Nico Kreiling
Nico is a Data Scientist at scieneers, co-organizer of PyData cologne meetup and host of the Techtiefen podcast. His passions are quick and simple solutions and the constant expansion of his and the communities' knowledge base.
@NicoKreiling
Github – LinkedIn –Sessions
Pandas is the de-facto standard for data manipulation in python, which I personally love for its flexible syntax and interoperability. But Pandas has well-known drawbacks such as memory in-efficiency, inconsistent missing data handling and lacking multicore-support. Multiple open-source projects aim to solve those issues, the most interesting is Polars.
Polars uses Rust and Apache Arrow to win in all kinds of performance-benchmarks and evolves fast. But is it already stable enough to migrate an existing Pandas' codebase? And does it meet the high-expectations on query language flexibility of long-time Pandas-lovers?

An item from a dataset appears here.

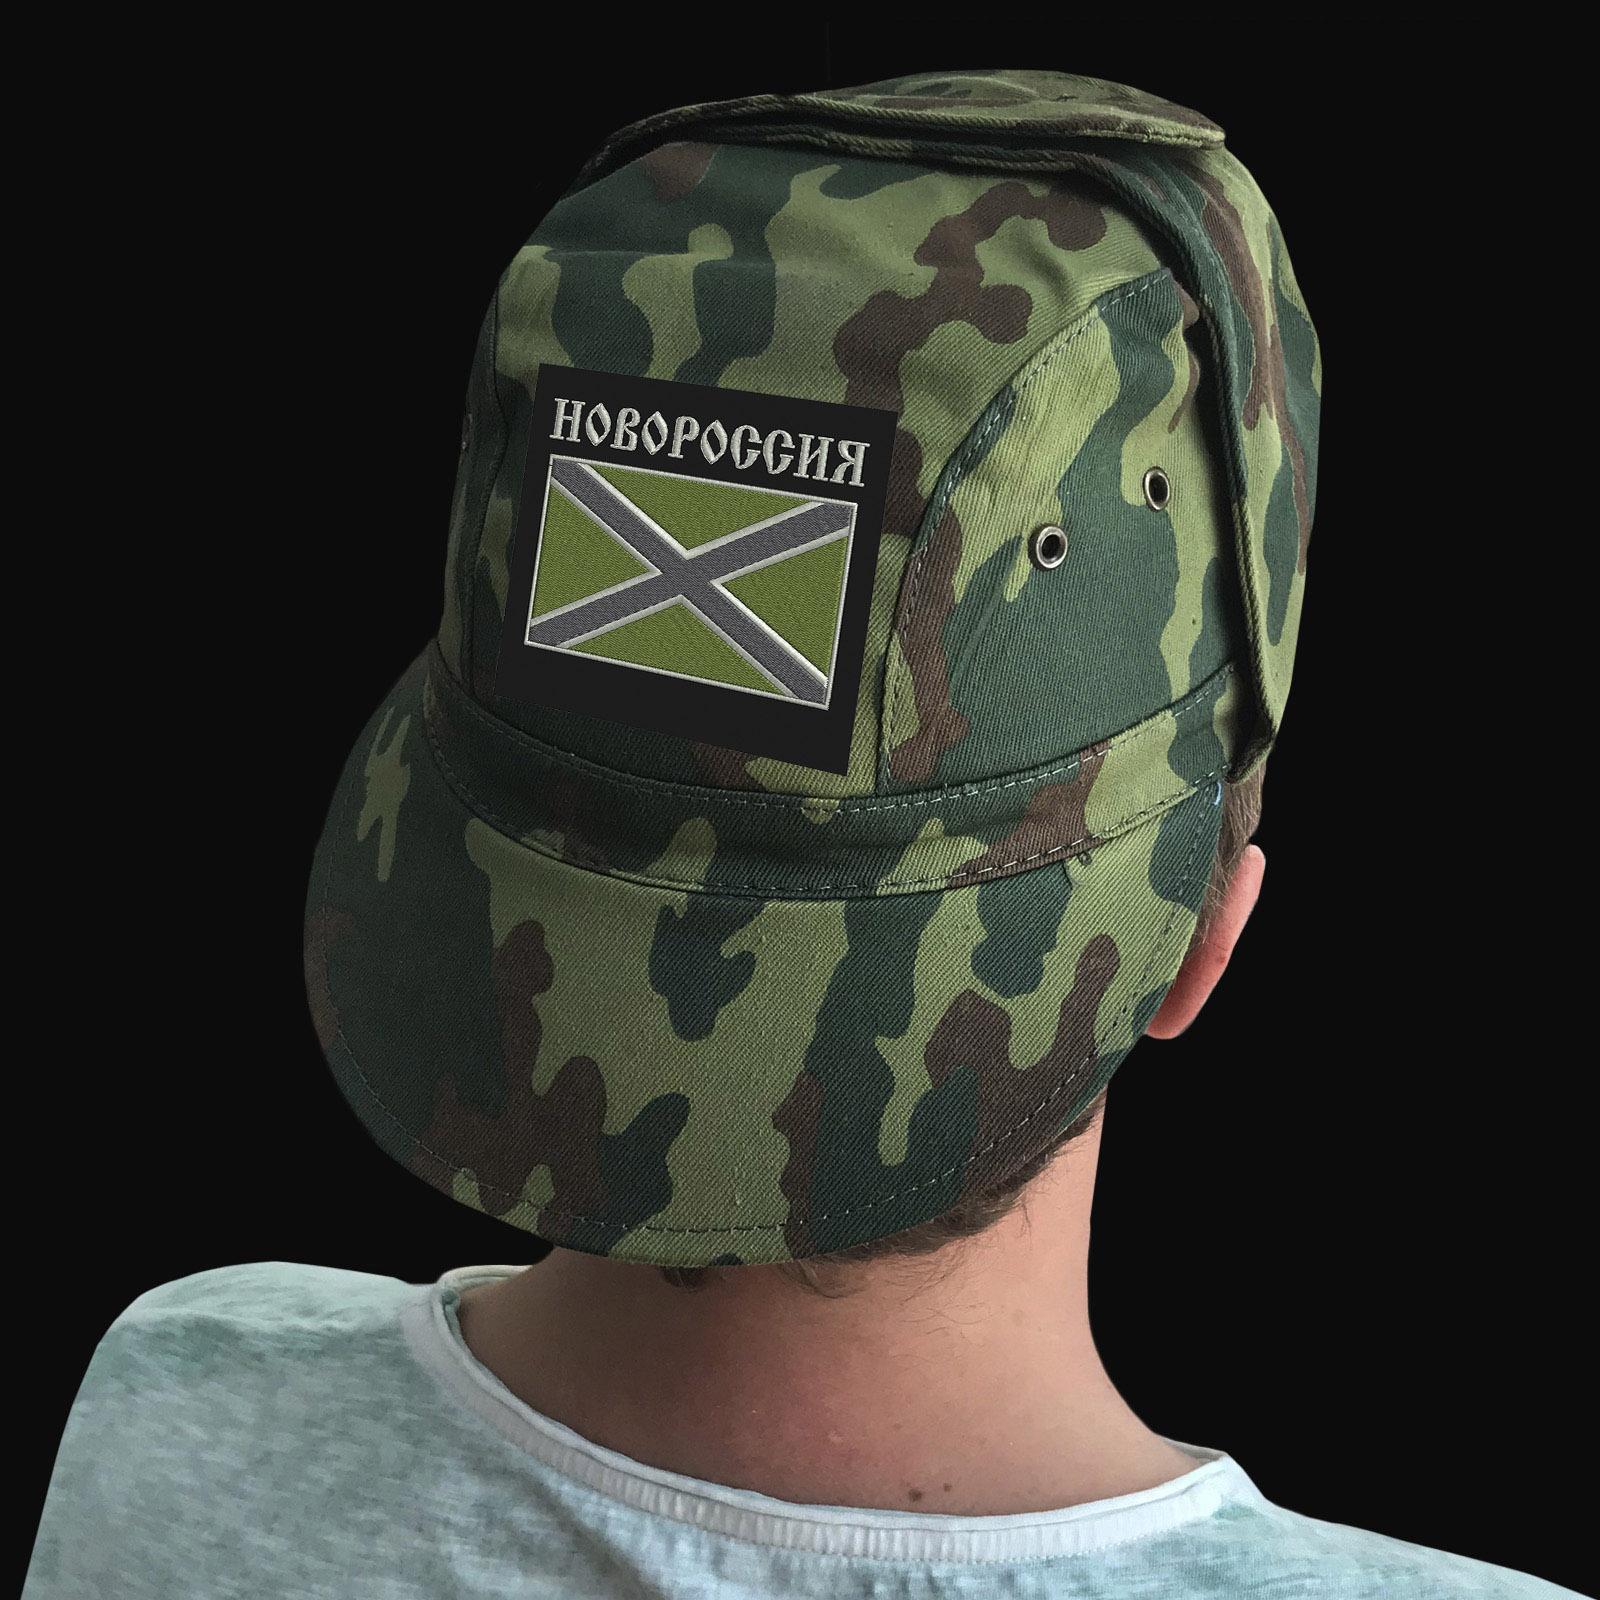 Купить военную кепку с полевым шевроном Новороссии
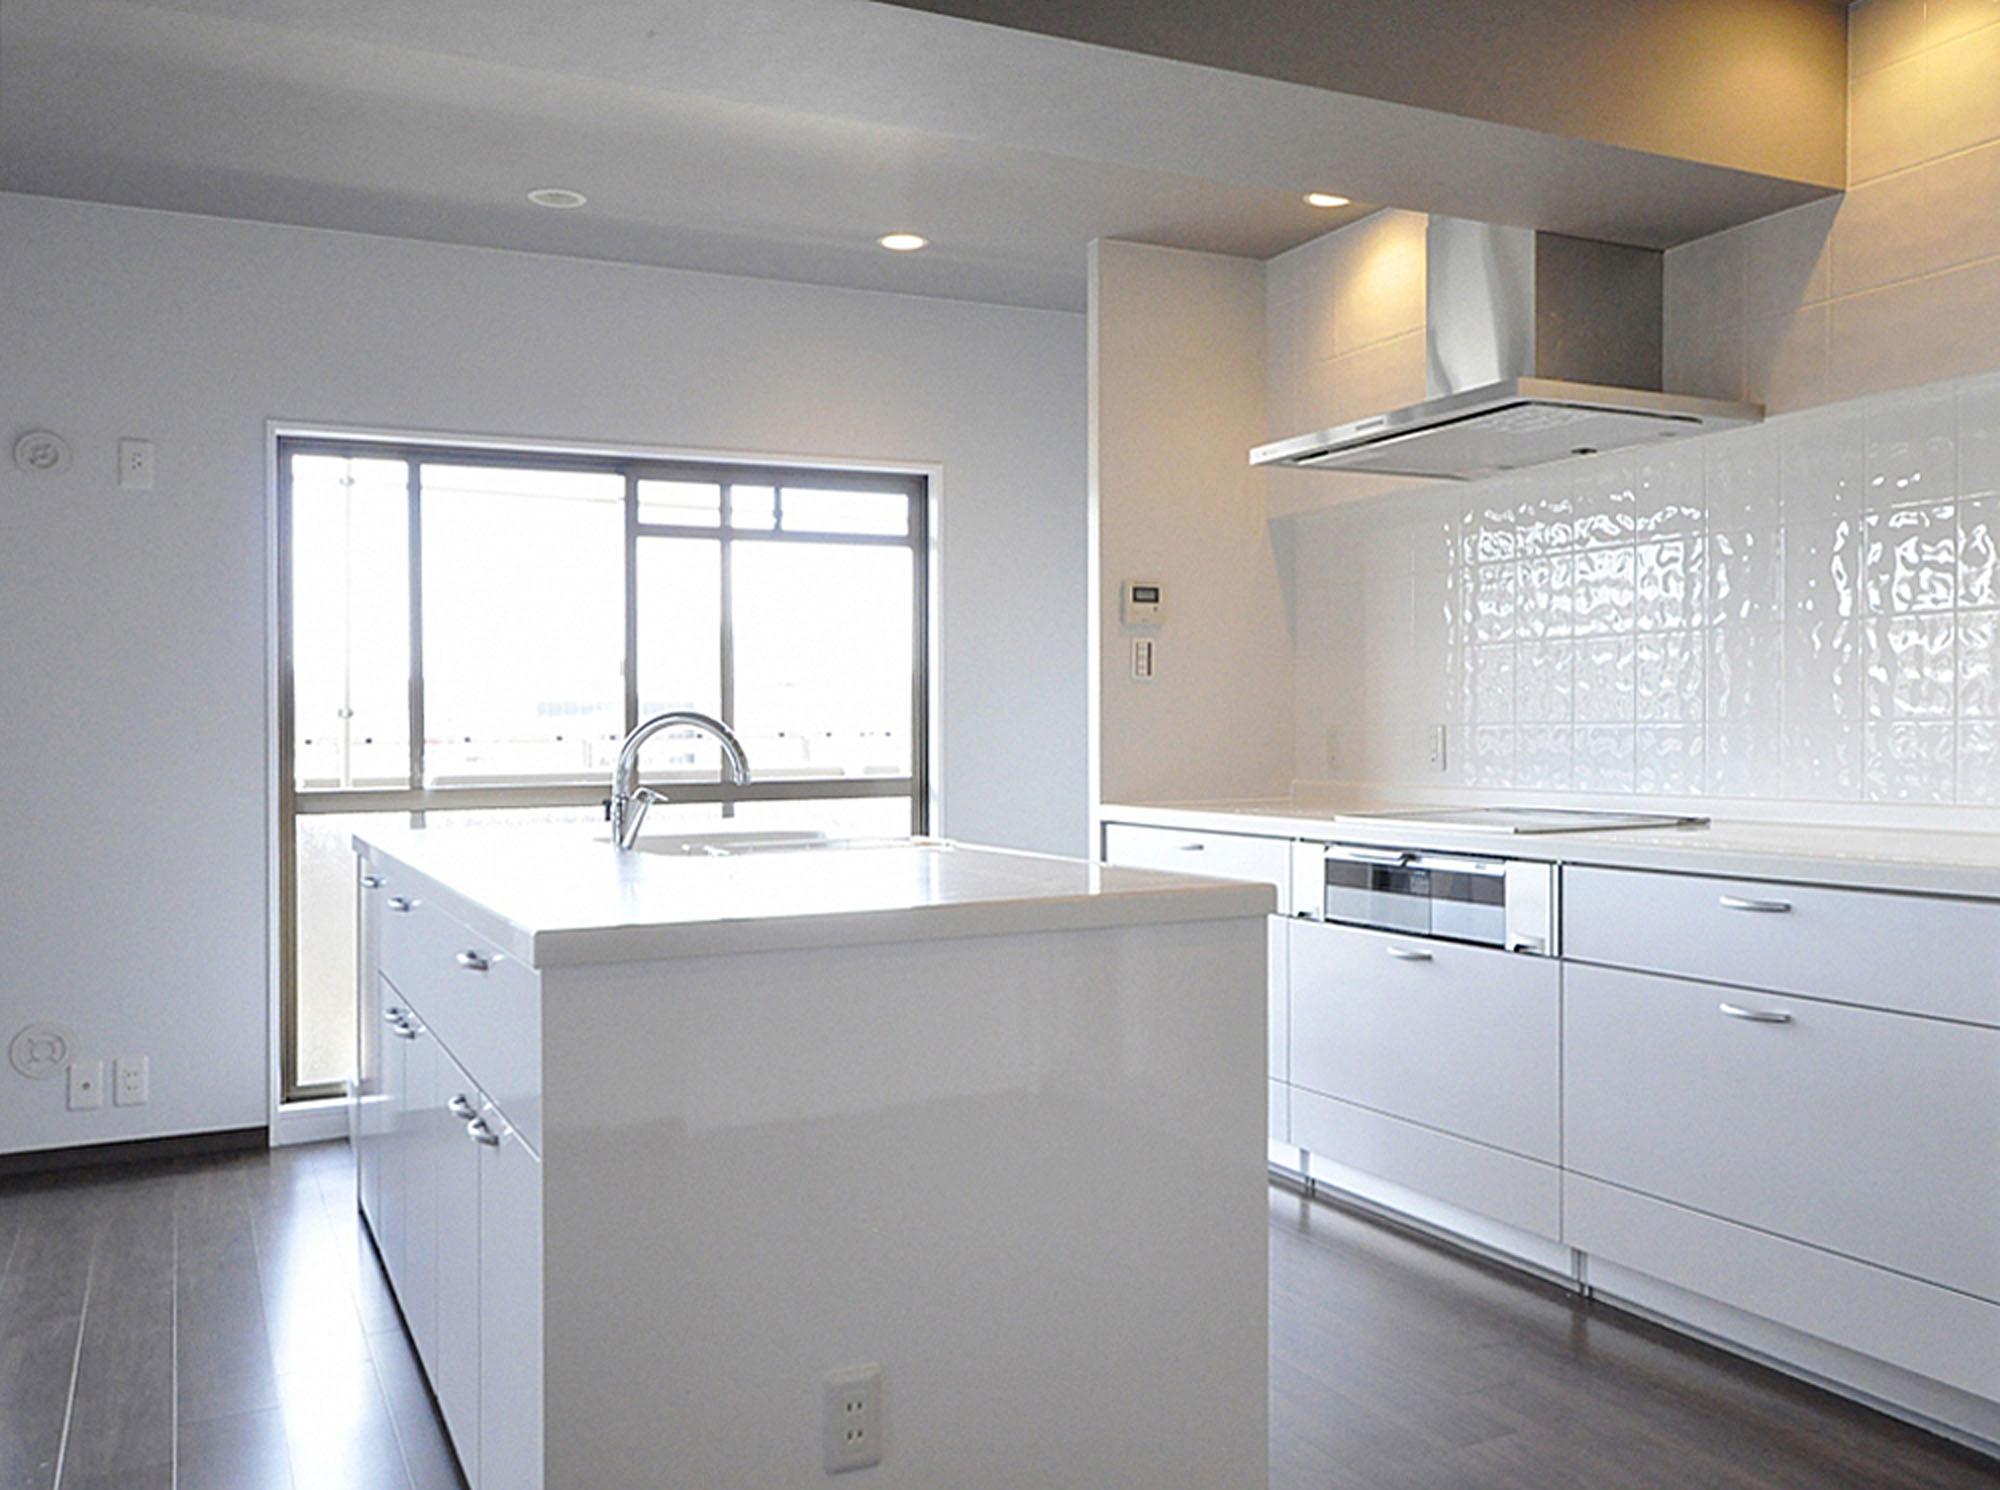 対面式のアイランド 型のキッチン。の写真

In this talk, I will explain, how Polars can be that fast, and present my insights on where Polars shines and in which scenarios I stay with pandas (at least for now!)
Innovations such as sentence-transformers, neural search and vector databases fueled a very fast development of question-answering systems recently. At scieneers, we wanted to test those components to satisfy our own information needs using a slack-bot that will answer our questions by reading through our internal documents and slack-conversations. We therefore leveraged the HayStack QA-Framework in combination with a Weaviate vector database and many fine-tuned NLP-models.
This talk will give you insights in both, the technical challenges we faced and the organizational learnings we took.